=== DATA SHOWN ===
Content starts
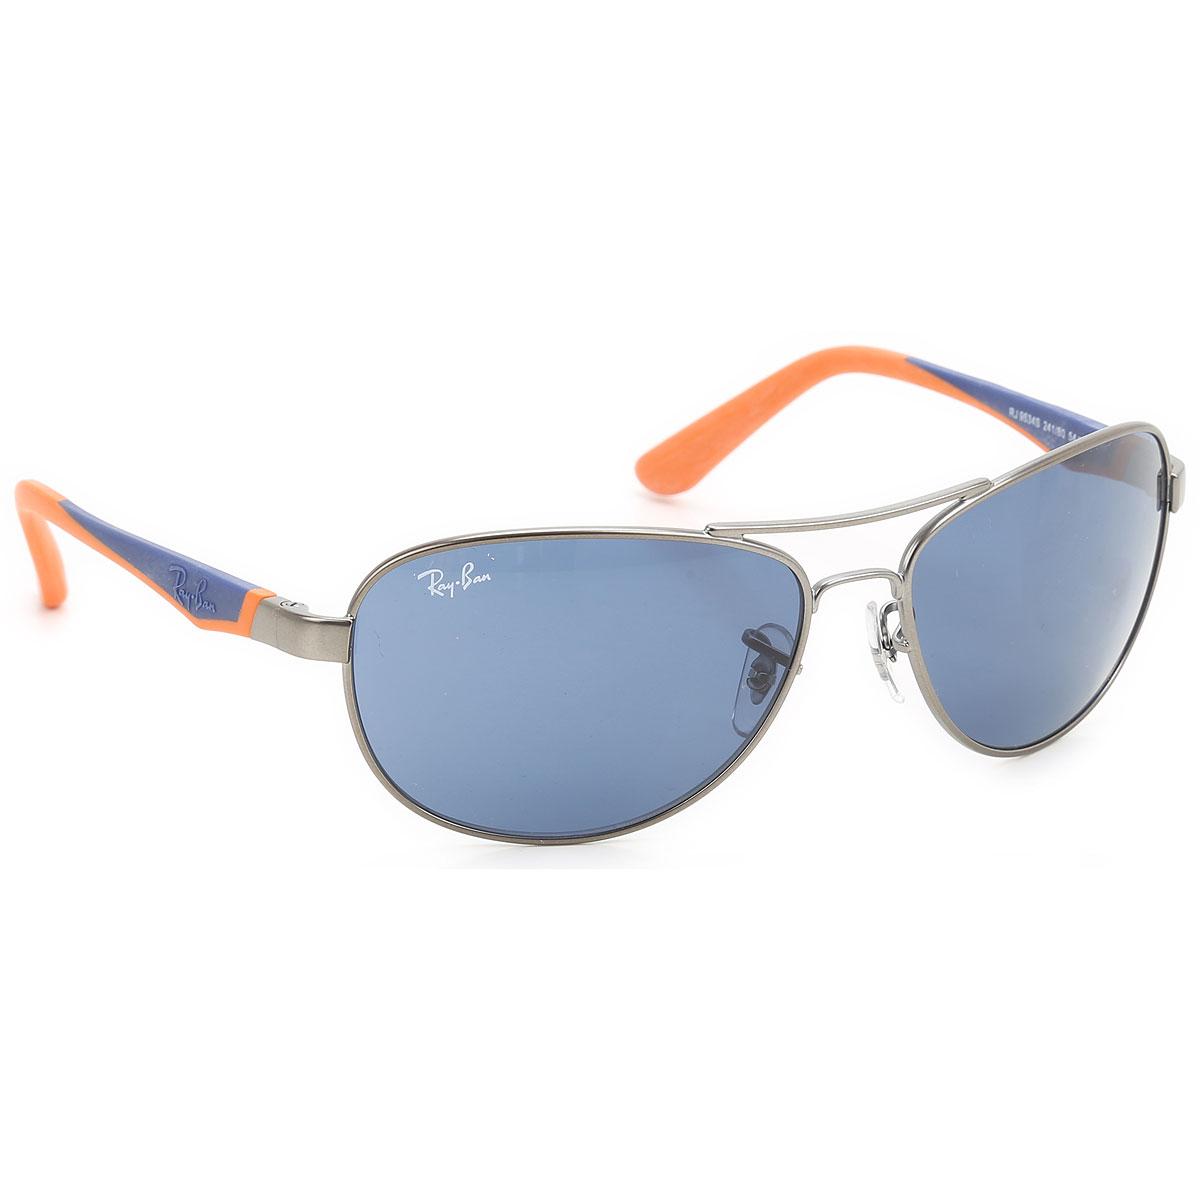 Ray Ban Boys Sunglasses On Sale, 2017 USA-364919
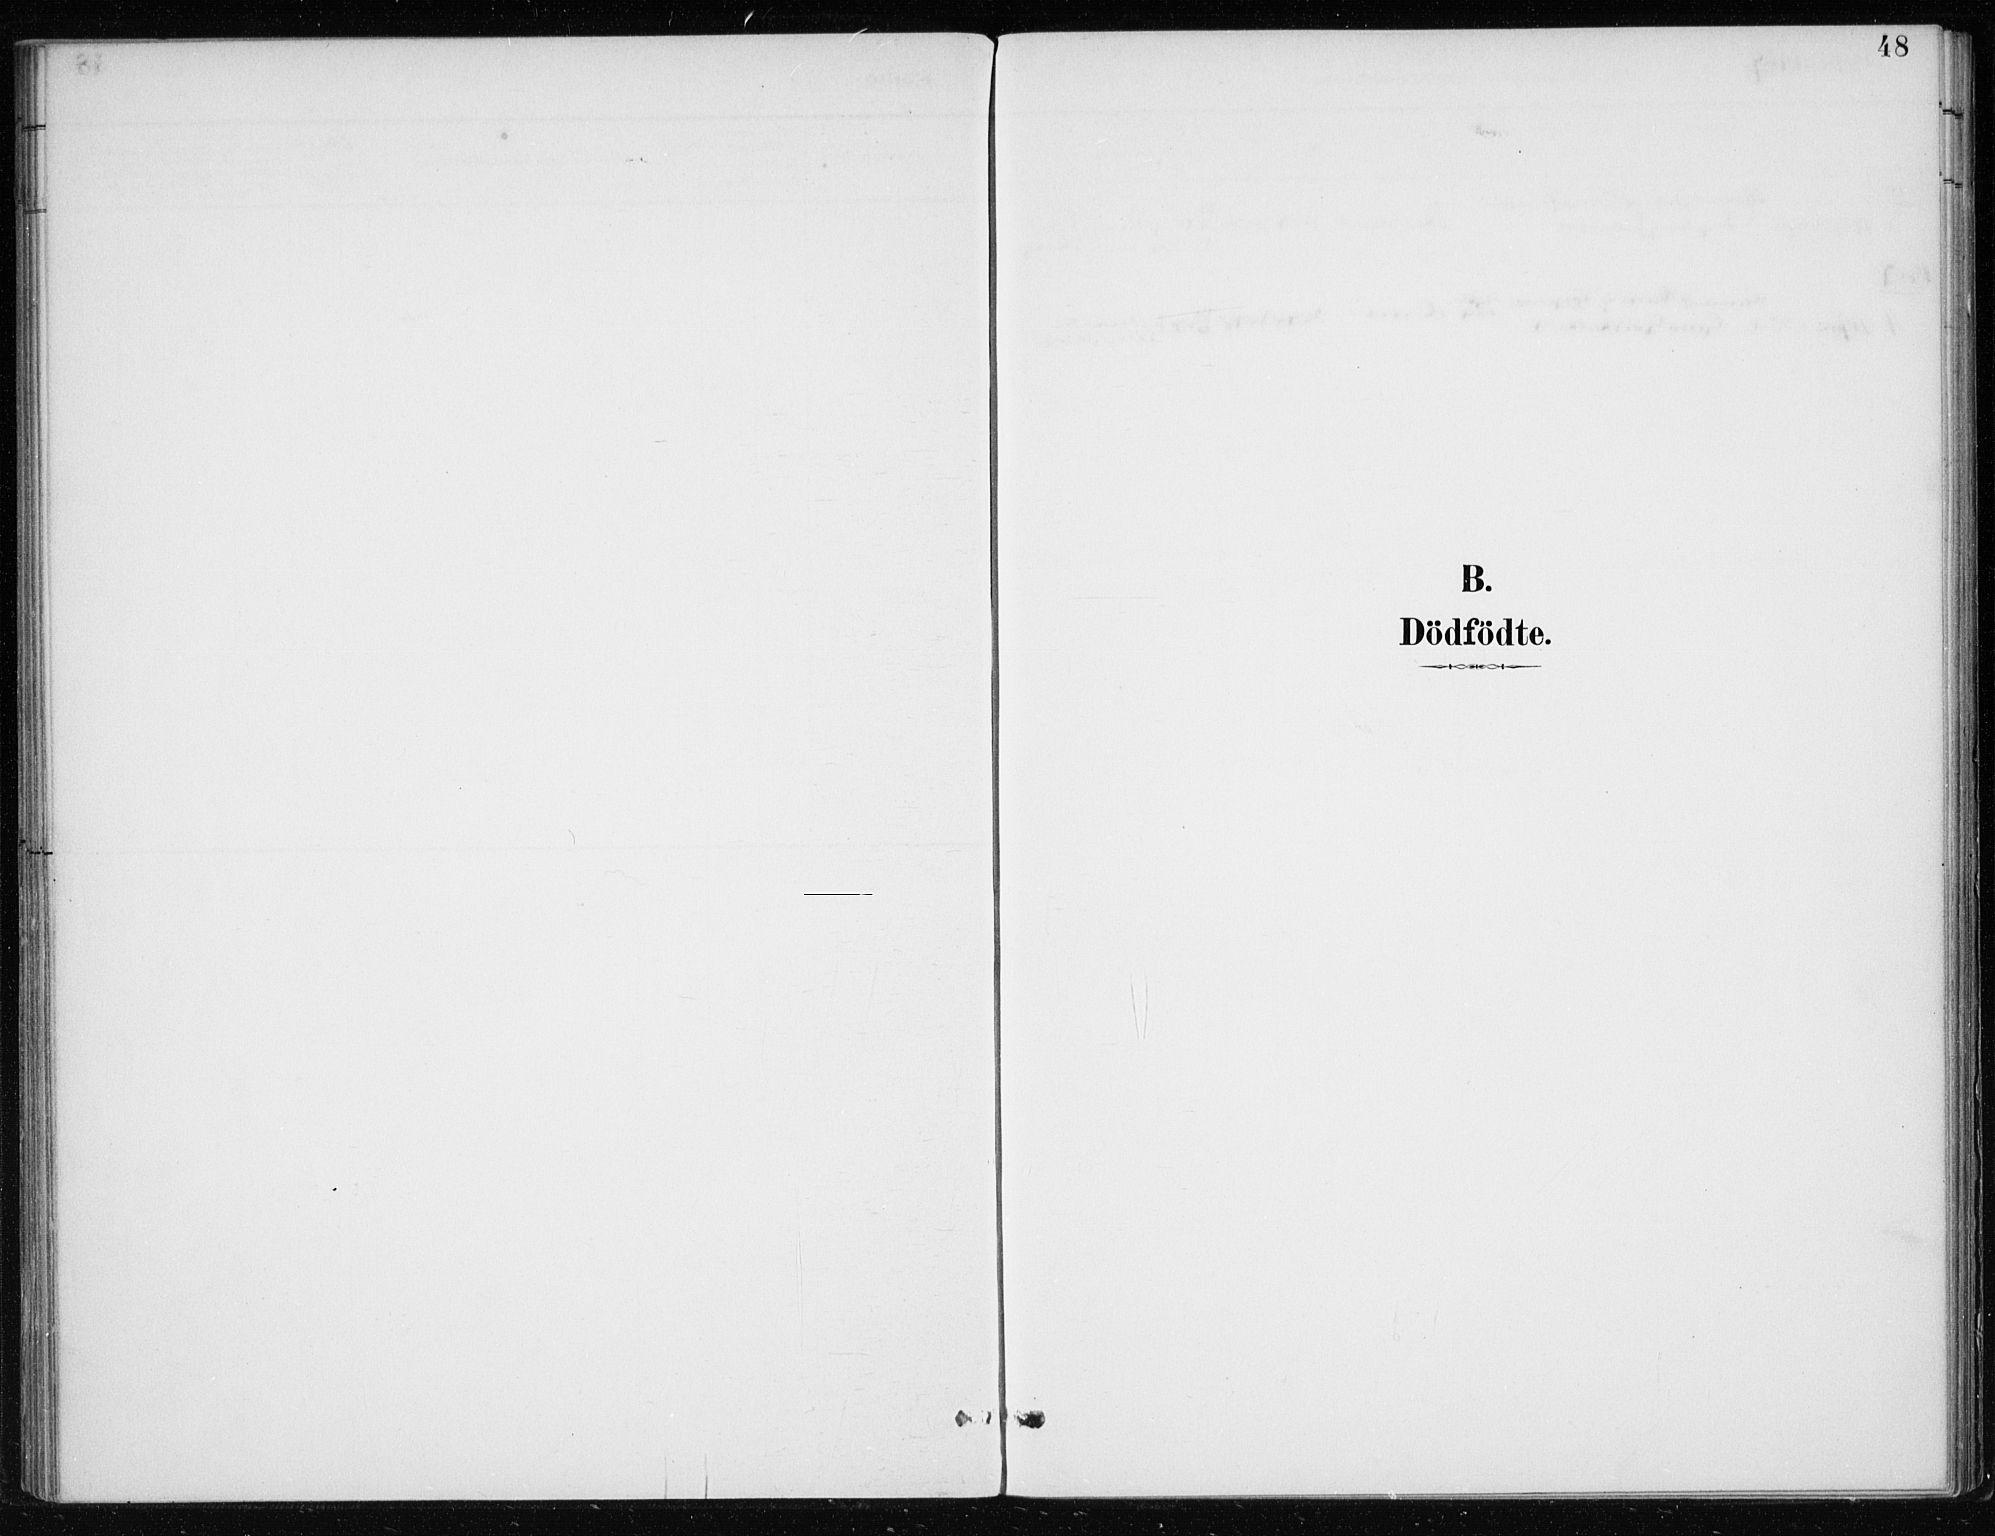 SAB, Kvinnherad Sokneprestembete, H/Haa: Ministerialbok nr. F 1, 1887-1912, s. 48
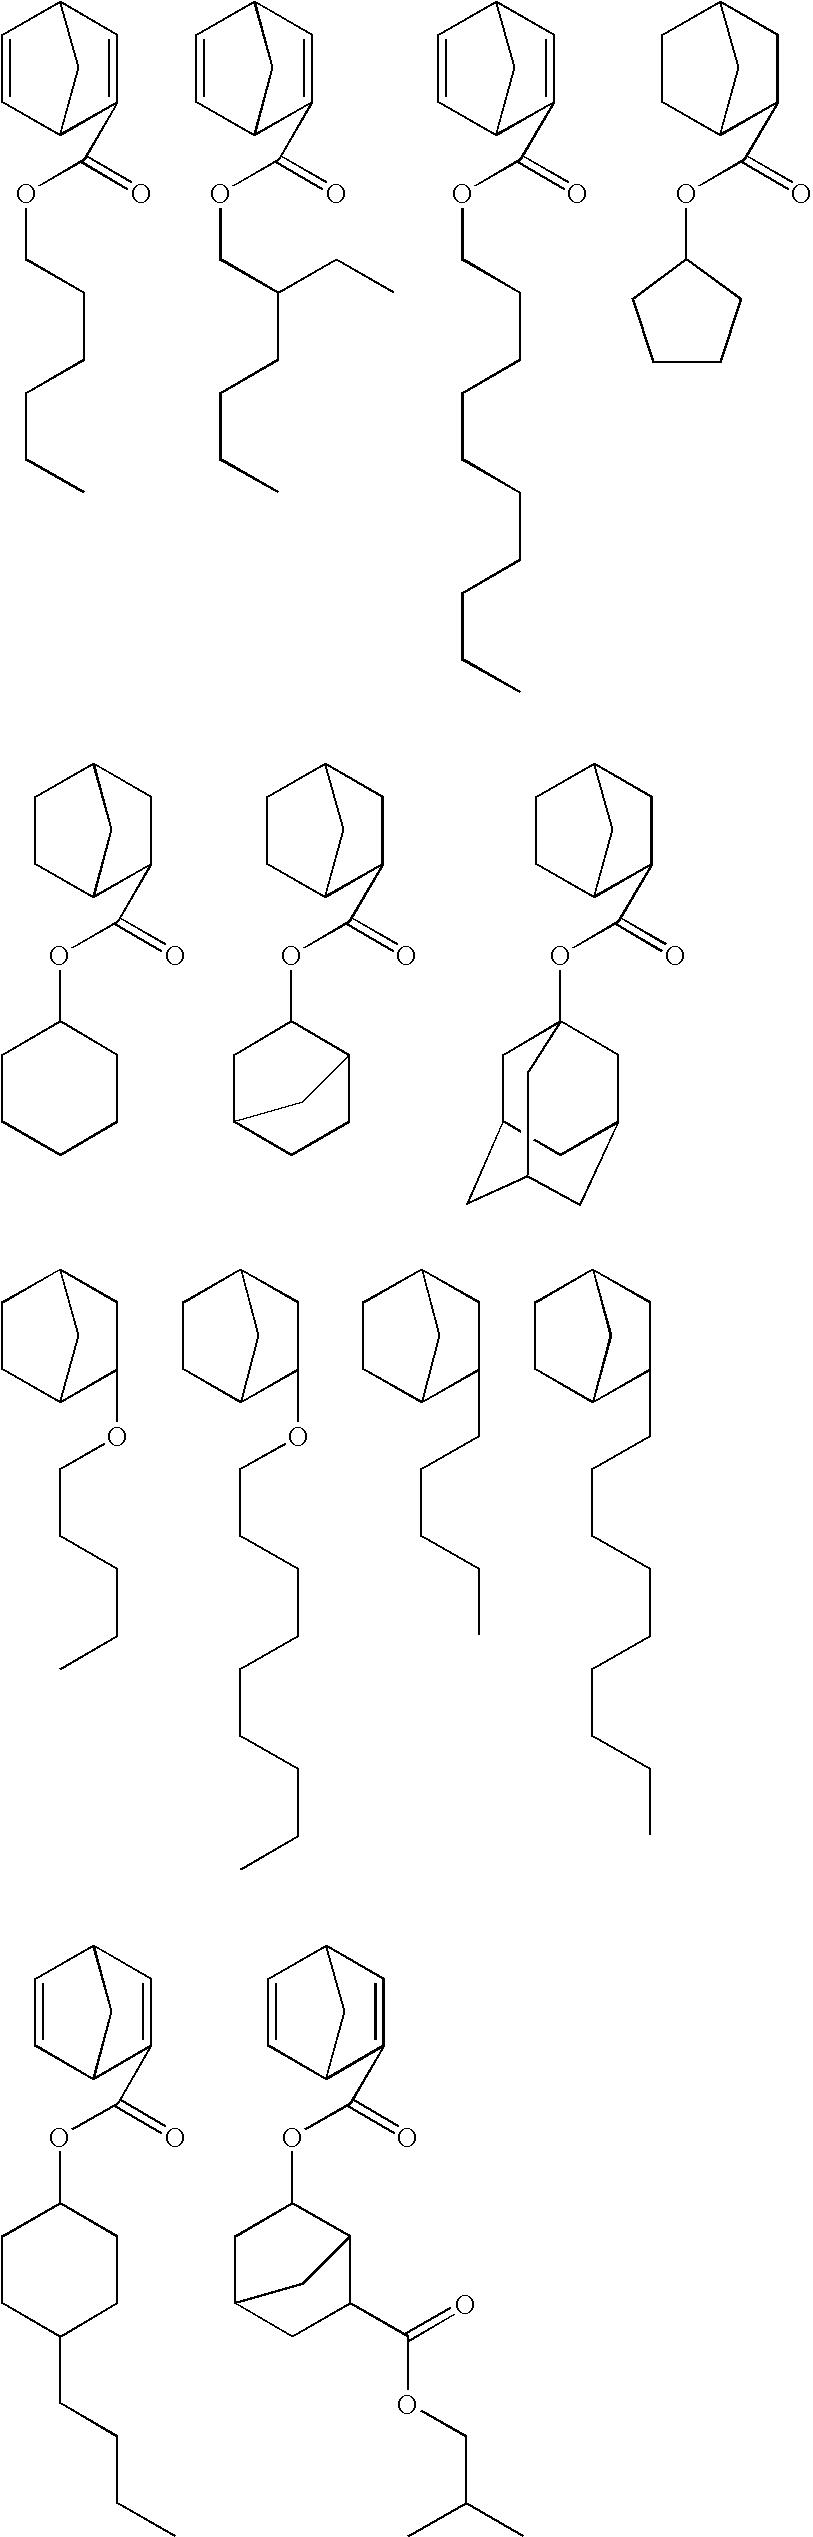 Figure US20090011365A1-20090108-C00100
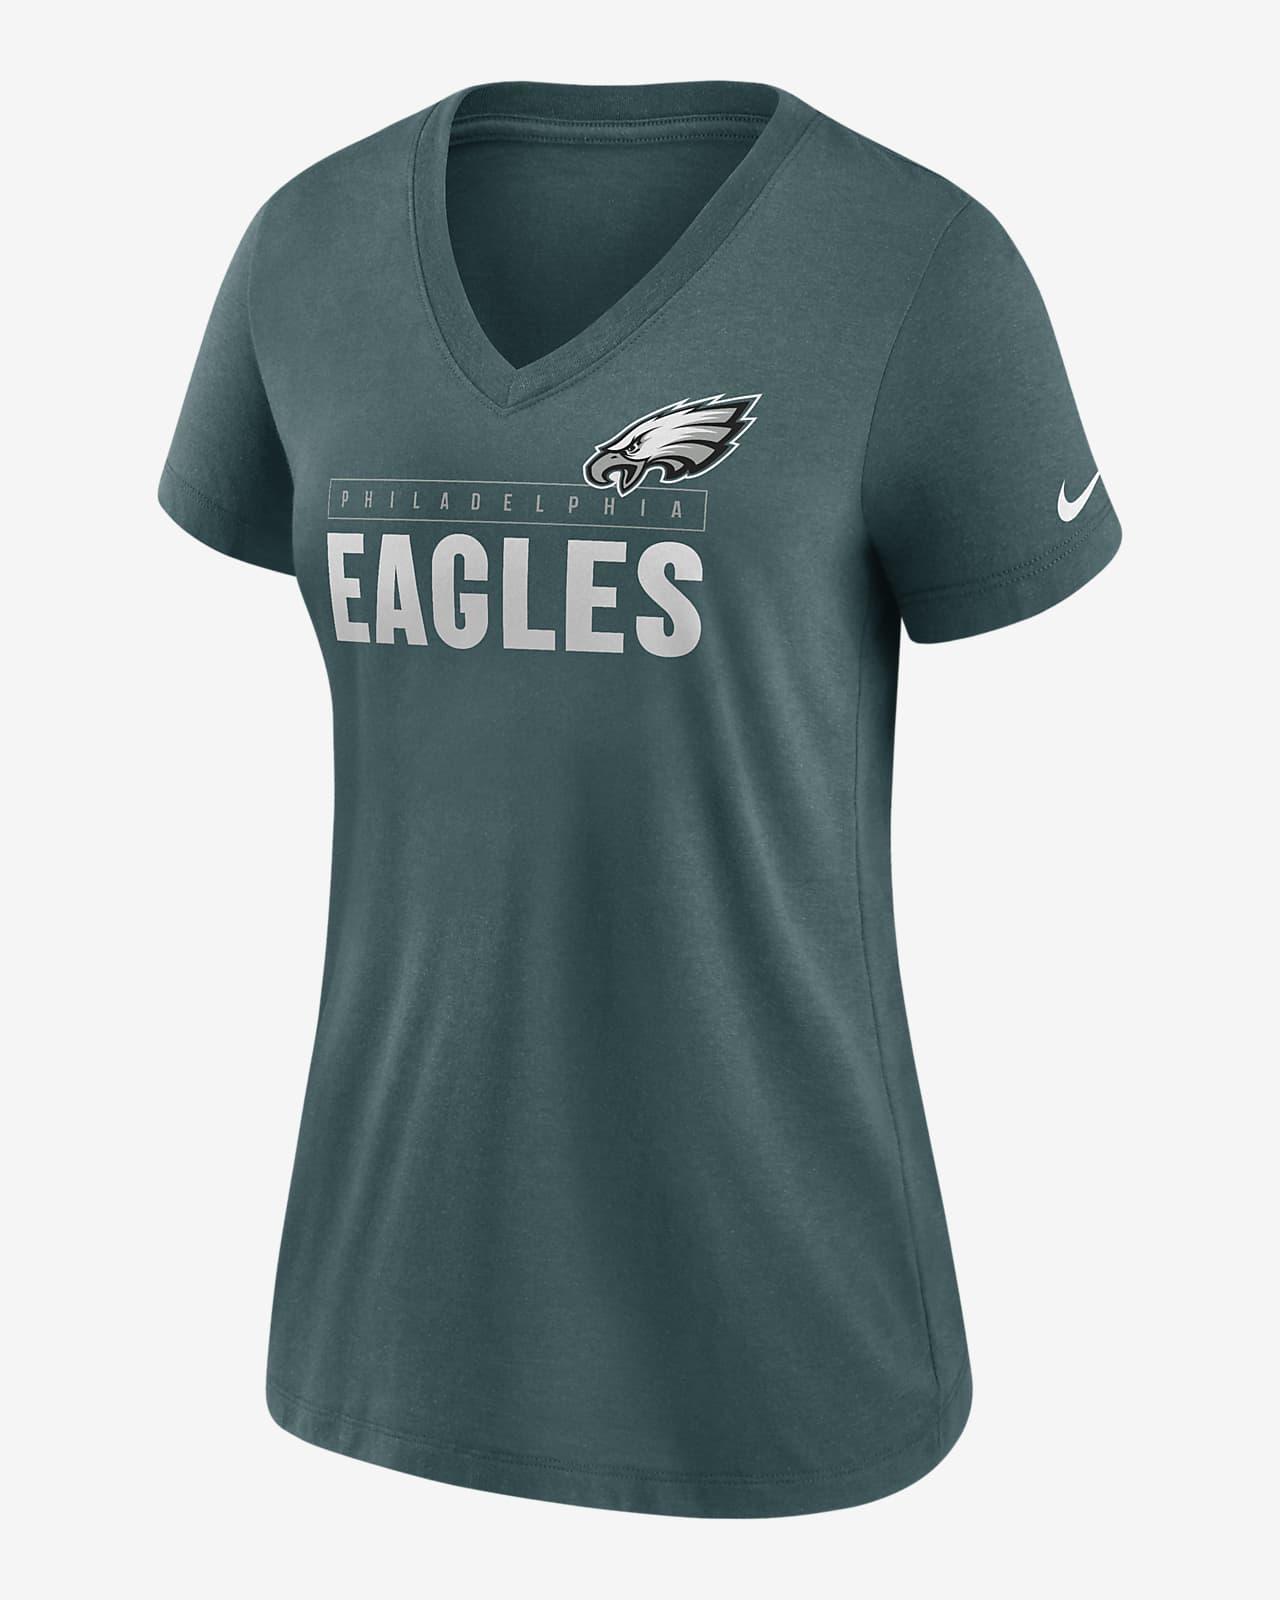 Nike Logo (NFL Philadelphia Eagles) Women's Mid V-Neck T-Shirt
Content ends
=== WHAT NEEDS TO BE DONE ===
Repeat all of the material above exactly, leaving out pictures.

=== ANSWER TO THIS TASK ===
 Ray Ban Boys Sunglasses On Sale, 2017 USA-364919
 SAB, Kvinnherad Sokneprestembete, H/Haa: Ministerialbok nr. F 1, 1887-1912, s. 48
 Figure US20090011365A1-20090108-C00100
 Nike Logo (NFL Philadelphia Eagles) Women's Mid V-Neck T-Shirt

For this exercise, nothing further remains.